『そうだ。現に、今まで同じような警戒態勢をしいていた各国要人が、ことごとく暗殺されているのだからな』
「そりゃそうだけど……」
「言ってるうちにご到着だぜ」
道路をはさんでセントラルパークに面した高級ホテル。そのエントランスに、ちょうどウィリスの乗ったセダンも含め、計4台の車が着いたところだった。
俺達はホテルから少し離れた、セントラルパーク側の道端にバイクを止める。
まずセダンの助手席と3台の護衛車から1人ずつ、4人の男たちが出てきた。
2人がセダンの後部ドアの周りをかため、残る2人がさらにその周りを警戒しながら、無線で何事か連絡を取り合う。
俺は双眼鏡で、ぐるりと周囲を見回した。
確かに、ホテルを囲む全てのビルの屋上に、何やら人影がうごめいている。おそらくニューヨーク市警やらFBIやらの連中だろう。狙撃できそうなポイントは、全て事前におさえてあるようだ。
護衛連中が周囲を警戒しながら、セダンのドアを開ける。中からウィリスが出てきた。
調べた限りじゃ年齢45歳。カミさんとジュニアハイの息子が2人いる。
金髪。瞳の色はブルー。身長6フィートの細身の男だ。なかなかのハンサムと言っても良いだろう。

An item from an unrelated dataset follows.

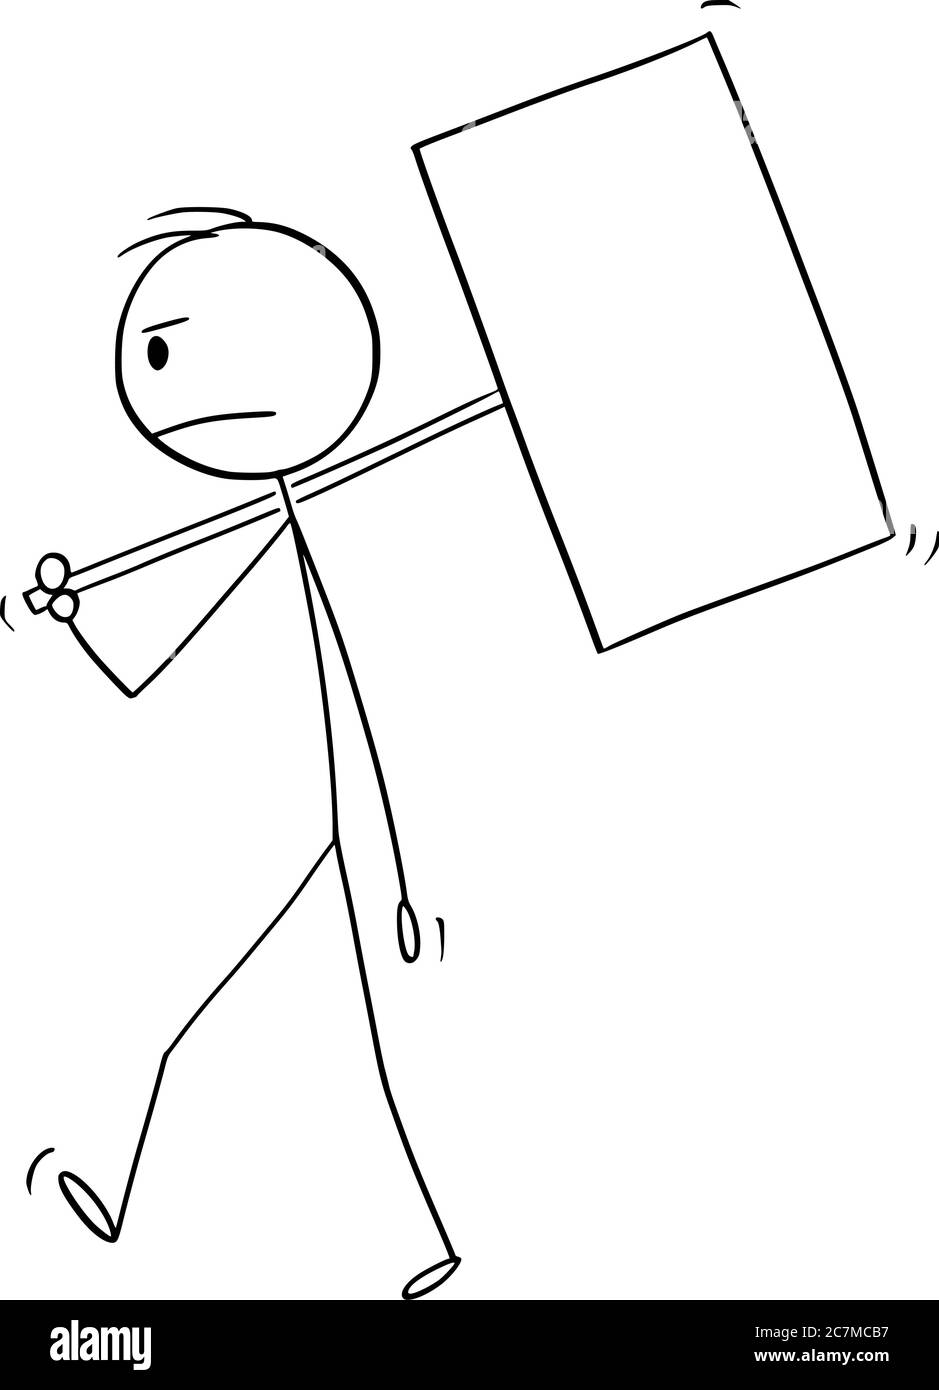 Vektor Cartoon Stick Figur Zeichnung konzeptionelle Illustration frustriert Mann oder Geschäftsmann zu Fuß mit leeren oder leeren Zeichen auf Stange. Stock Vektor
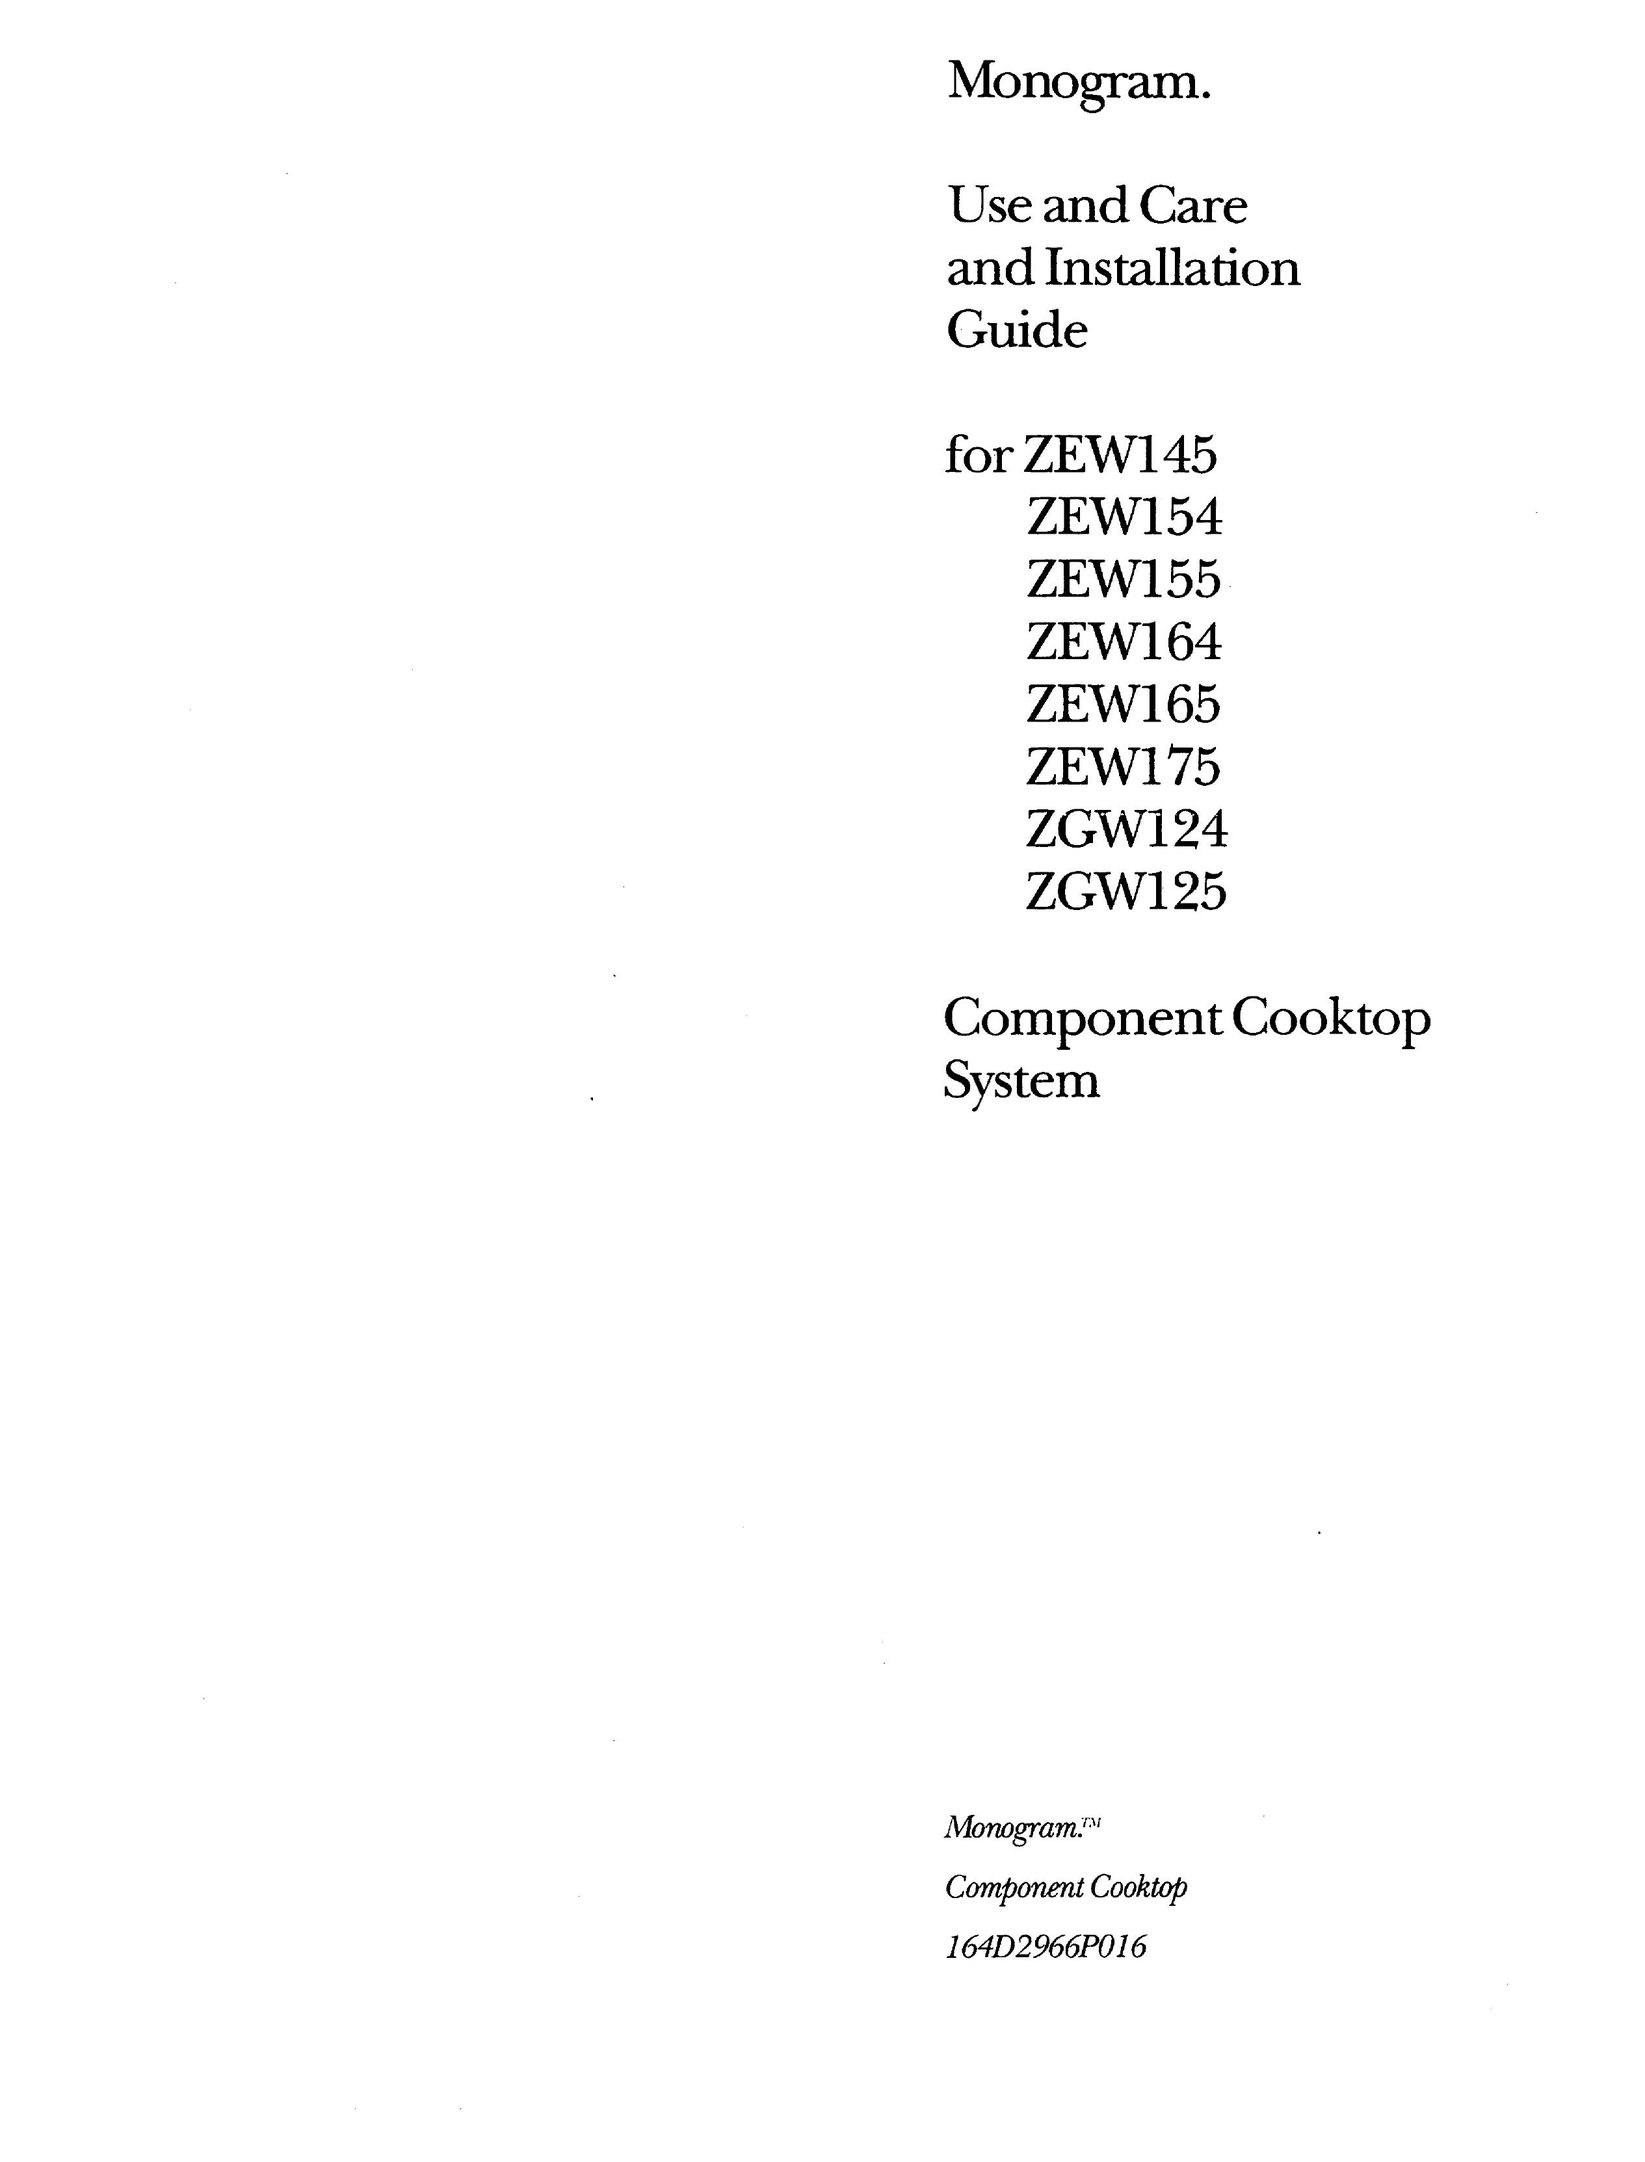 GE Monogram ZEW175 Cooktop User Manual

なるほど、確かに一種のカリスマ性は感じる。実際、議会でもかなりの発言力を持っているようだし、次期大統領候補とまで言われているそうだ。狙われるのもわかる気がする。
周りを4人の男にがっちり囲まれ、ウィリスはゆっくりとホテルの入口へと近づく。
時間にしてほんの数秒なのだが、この数秒がやたら長く感じる。
やがてホテルの入口上に設けてあるアーチの下に入り、ドアボーイがドアを開けた。
どうやら、今日は何も起こらなかったようだ。そう思った刹那――
 
びしゃっ!
 
液体をぶちまけるような音がして、ウィリスは左へ弾けるように倒れた。
『なっ……!』
俺とあかりの驚愕の声が重なる。護衛達が騒ぎ始め、一番近くに付いていた男たちが周囲にP90とグロックのマズルを向けながら、頭から血を流してぐったりしているウィリスをホテルの中へと担ぎこむ。
ビルの上から警戒していたチームも一斉に動き始めた。サーチライトで辺りを照らしながら、何やら怒鳴りあっている。
あかりが傍受している無線でも、怒声が響き渡っているようだ。